# Phrases/Quotes for Custom Jewelry



## slowhoney (Jun 14, 2009)

Hey, guys and gals! I need some help. I am buying a custom-made bracelet and ring for my boyfriend (KathrynRiechert on Etsy - Limited Edition and Custom Sterling Silver Jewelry) and have no idea what kind of phrase to put on it for him. I don't want it to be something he'd be embarrassed about (e.g. "Ashley Loves Sean") but I still want it to be personal and meaningful and not just a cliché phrase or quote like "Carpe Diem." I was debating, for one of them, a few song lyrics from his favourite song... or a few lines from an e.e. cummings poem and I can include the whole poem written out on a piece of paper with the gift so he understands how it relates to us... but I'd like the other one to be more personal and directly related to our relationship. And on the inside of the ring, I can put our anniversary date.

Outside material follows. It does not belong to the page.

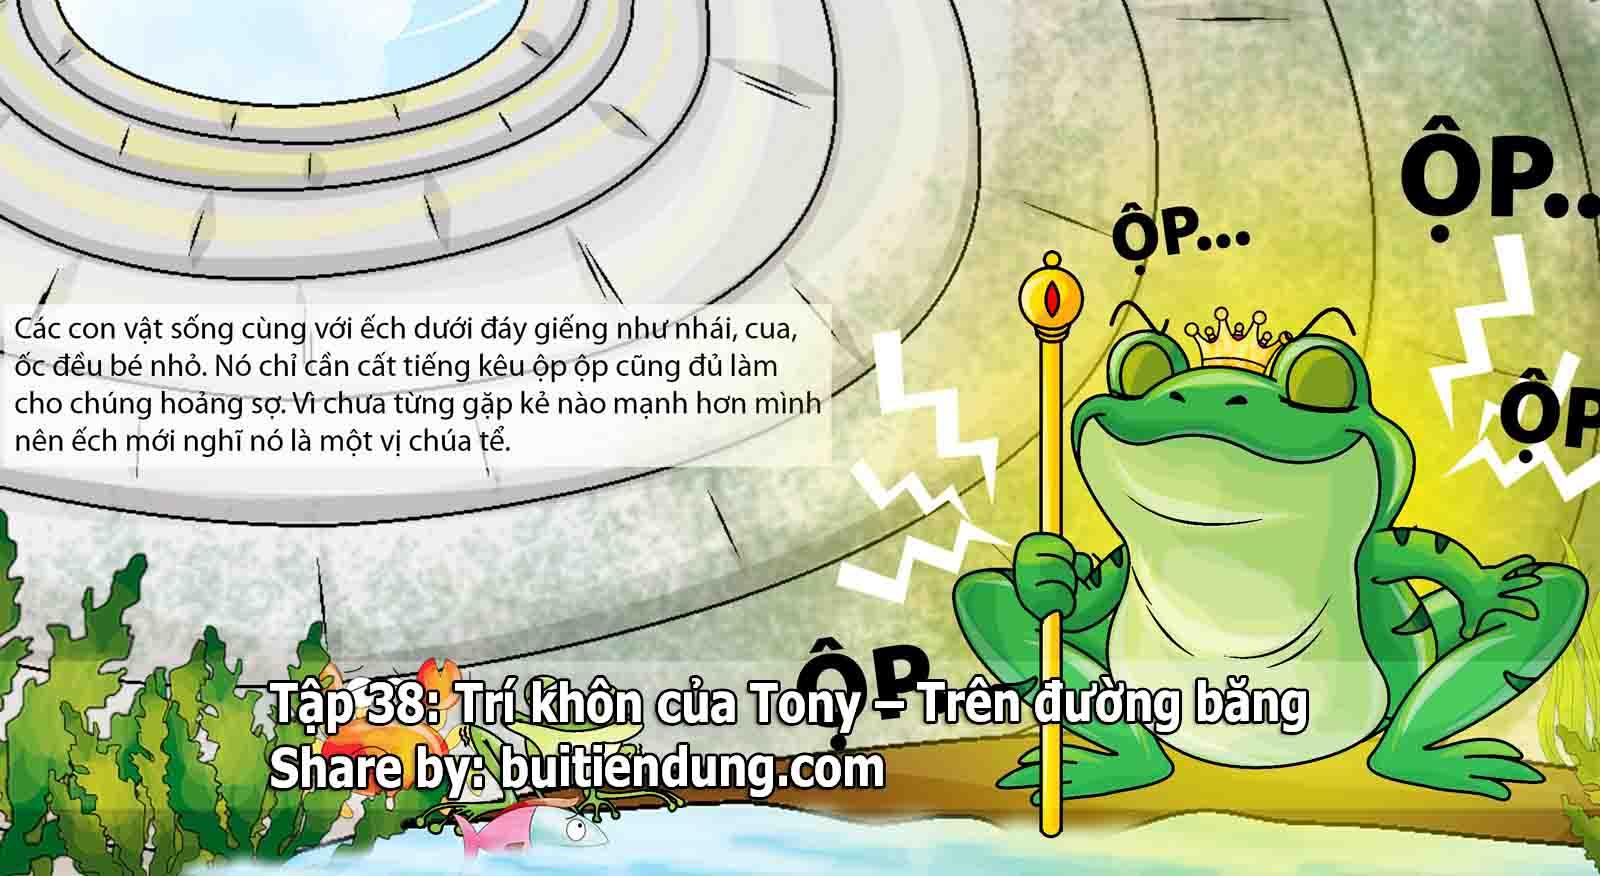 tap-38-tri-khon-cua-tony-tren-duong-bang-tony-buoi-sang

Does anyone have any ideas? What kind of things have you gotten printed on custom jewelry (either for yourself or someone else)?


----------



## funkychik02 (Jul 29, 2009)

I<3Sean?


----------



## frocher (Jul 29, 2009)

............


----------



## bbtorres (Mar 11, 2010)

Me and my hubby got engraved "I will always love thee" in our wedding bands its kinda cliche but its a combination of one of our favorite songs from the Cure and from Romeo and Juliet the movie. Maybe combine two different things of each other one that reminds him of you and the other something he likes and appreciates...Hope this helps


----------